Когда Бейль въезжал на площадь Вифлеемских младенцев, уже наступало утро. Рынок оживал. Деревенские экипажи десятками тянулись к площади; бородатые крестьяне сидели в овощных повозках, молочницы с большими кувшинами, веселые и щебечущие, как утренние птицы, обгоняли в двуколках тяжеловесные экипажи овощников. Кое-где открывались мастерские ремесленников, на извозчичьих дворах мыли дилижансы, фавориты и дамбланши[174], гремя окованными колесами, проезжали длинные повозки мясников, ноги и головы телят свисали с повозок, кровоточа на мостовую. Еще час – и начнет оживать Латинский квартал, просыпающийся двумя часами раньше других парижских кварталов. В восемь часов студенты Медицинской школы и Сорбонны сидят уже в аудиториях. Только важные, степенные чиновники королевства, с большими, тяжелыми папками, дымя трубками, с видом министров идут по бульварам и улицам в десять часов.
Бейль остановился около небольшого сада, отпустил извозчика, вынул карандаш и записную книжку и стал писать. Писание чередовалось с прогулкой. Пройдя триста – четыреста шагов, он поворачивался, бросал взгляд на окно между двух деревьев, возвращался и снова отходил. Так прошло несколько часов, пока, наконец, штора не открылась. Бейль снял шляпу и поклонился широким жестом, растягивая свое приветствие, чтобы оно было замечено. Фигура, появившаяся в окне, не выказала большого удивления, но покачала головой. Через четверть часа дама в белом платье, в широкой шляпе, с длинным зонтиком вышла из подъезда. Улыбаясь, она протянула руку Бейлю с веселостью и непринужденностью, говорившей о спокойном уме и полной свободе обращения.
– Вы опять хотите сделать занимательной мою утреннюю прогулку, – сказала она. – Благодарю. Но у вас такой усталый вид, как будто вы не спали ночь. Что с вами, друг мой?
Бейль рассказал ей предшествующий вечер. Когда дело дошло до повести лейтенанта Луо, она громко рассмеялась и сказала:
– Да ведь эту историю я читала в «Конституционале». Как вам не стыдно обворовывать бедного лейтенанта!
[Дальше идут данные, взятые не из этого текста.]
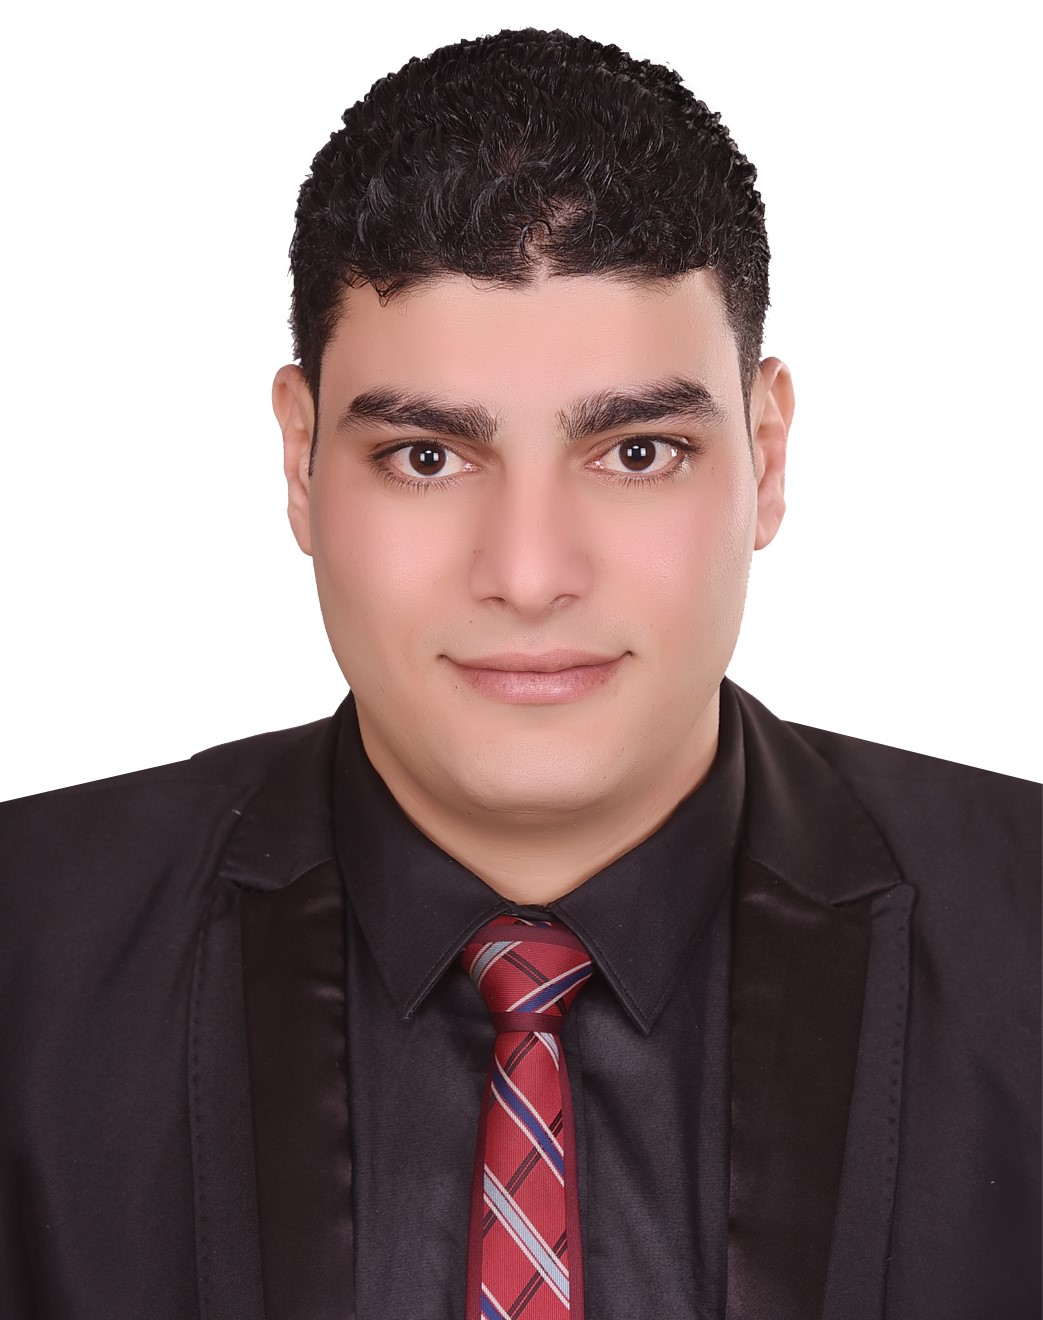 Amr Mohamed Soliman Ibrahim Mostafa

– Все дело в том, что «Конституциональ» напечатал мою статью. Правда, они страшно исказили ее, упразднив заглавие и выкинув мой протест против пятидесяти тысяч попов, управляющих Францией, в котором я противопоставляю мораль моего старого учителя, материалиста Гельвеция, морали христианского философа, Виктора Кузена.[175] Но послушайте, дорогой Жюль…
– Помните, что я вам разрешила такое обращение только в письмах, – ответила собеседница. – Ну, что вы хотите сказать?
– Я хочу спросить вас: неужели вы можете подозревать меня в присвоении мелких статей?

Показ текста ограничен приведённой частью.